Simplifying SQL Queries with Aliases: A How-To Guide
Categories
SQL aliases are a simple yet efficient way of simplifying your SQL queries. In this guide, we’ll show you all the benefits and provide examples of their use.
Today, we’re going to talk about one of the techniques for simplifying SQL queries. If you’re writing complex SQL code, it can sometimes be hard to read or understand it, even if you wrote it yourself. Using aliases is something SQL professionals use to write code quicker and make it more understandable.
It’s a simple technique that you’re going to absolutely love!
What is SQL Alias?
In SQL, an alias is a temporary name usually given by a user to a column or a table. This name does not change the actual name of a column or a table, as it is used only when a query is executed.
Aliases can also be assigned to subqueries and CASE statements.
SQL Alias Syntax
The keyword for assigning aliases is AS. However, the aliases can be assigned even without the keyword. I’d recommend always using AS; it will make your code more readable and easier to recognize if there’s an alias.
Column Alias Syntax
Here’s how you assign the alias to a column.
SELECT column AS alias_name
FROM table;
Without AS, it looks like this.
SELECT column alias_name
FROM table;
Both codes would work, but the first version is more readable.
Table Alias Syntax
The syntax for the table alias is basically the same, only applied to a table instead of a column.
SELECT column
FROM table AS alias;
or
SELECT column
FROM table alias;
Subquery Alias Syntax
SELECT column
FROM (SELECT column_1,
column_2,
…
FROM table) AS alias;
You can do the same without AS.
CASE Statement Alias Syntax
You assign an alias to a CASE statement in the same manner.
SELECT column,
CASE
WHEN condition THEN result
ELSE default_result
END AS alias;
Again, you can do that without AS.
While these are all examples of using aliases, they have slightly different purposes.
The primary purpose of the column and CASE aliases is to give the output column a simpler and more descriptive name. The point should be that from the column alias, it is easy to discern what data in the column represents.

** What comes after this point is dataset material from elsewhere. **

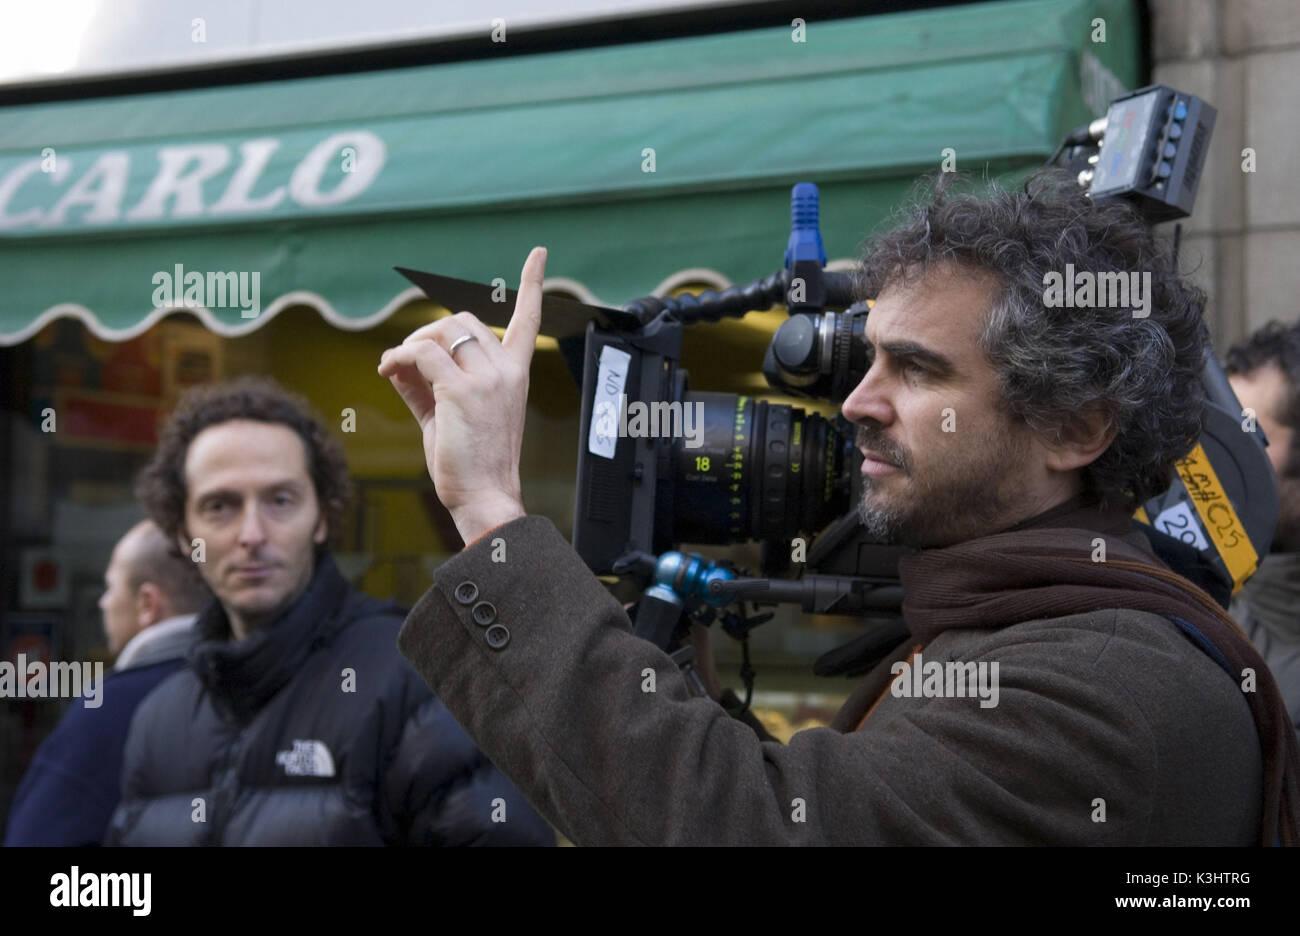 THE CHILDREN OF MEN Cinematographers EMMANUEL LUBEZKI, Director ALFONSO CUARON Stock Photo

Regarding table aliases, they are usually used to shorten the table’s name. In complex queries, the tables can be referenced multiple times. Writing a table’s full name many times can be tiring, especially if the table’s name is long. By using aliases, you’ll write less code and, hence, do it quicker. Additionally, the table can be joined with itself, which can’t be done without giving ‘both’ tables different aliases.
Giving a subquery an alias makes it possible to reference its result in the main query. This is mandatory; without it, the code won’t execute.
Benefits of Using SQL Aliases
In a way, I already talked about the benefits of using SQL aliases. But let’s list them explicitly and talk briefly about them.
1. Improved Code Readability
With complex data tasks, SQL code can become very complex. This complexity results in hundreds of code lines written, sometimes. With that, code becomes hard to understand even for experts. One way to help yourself (and others!) understand the code is to use aliases.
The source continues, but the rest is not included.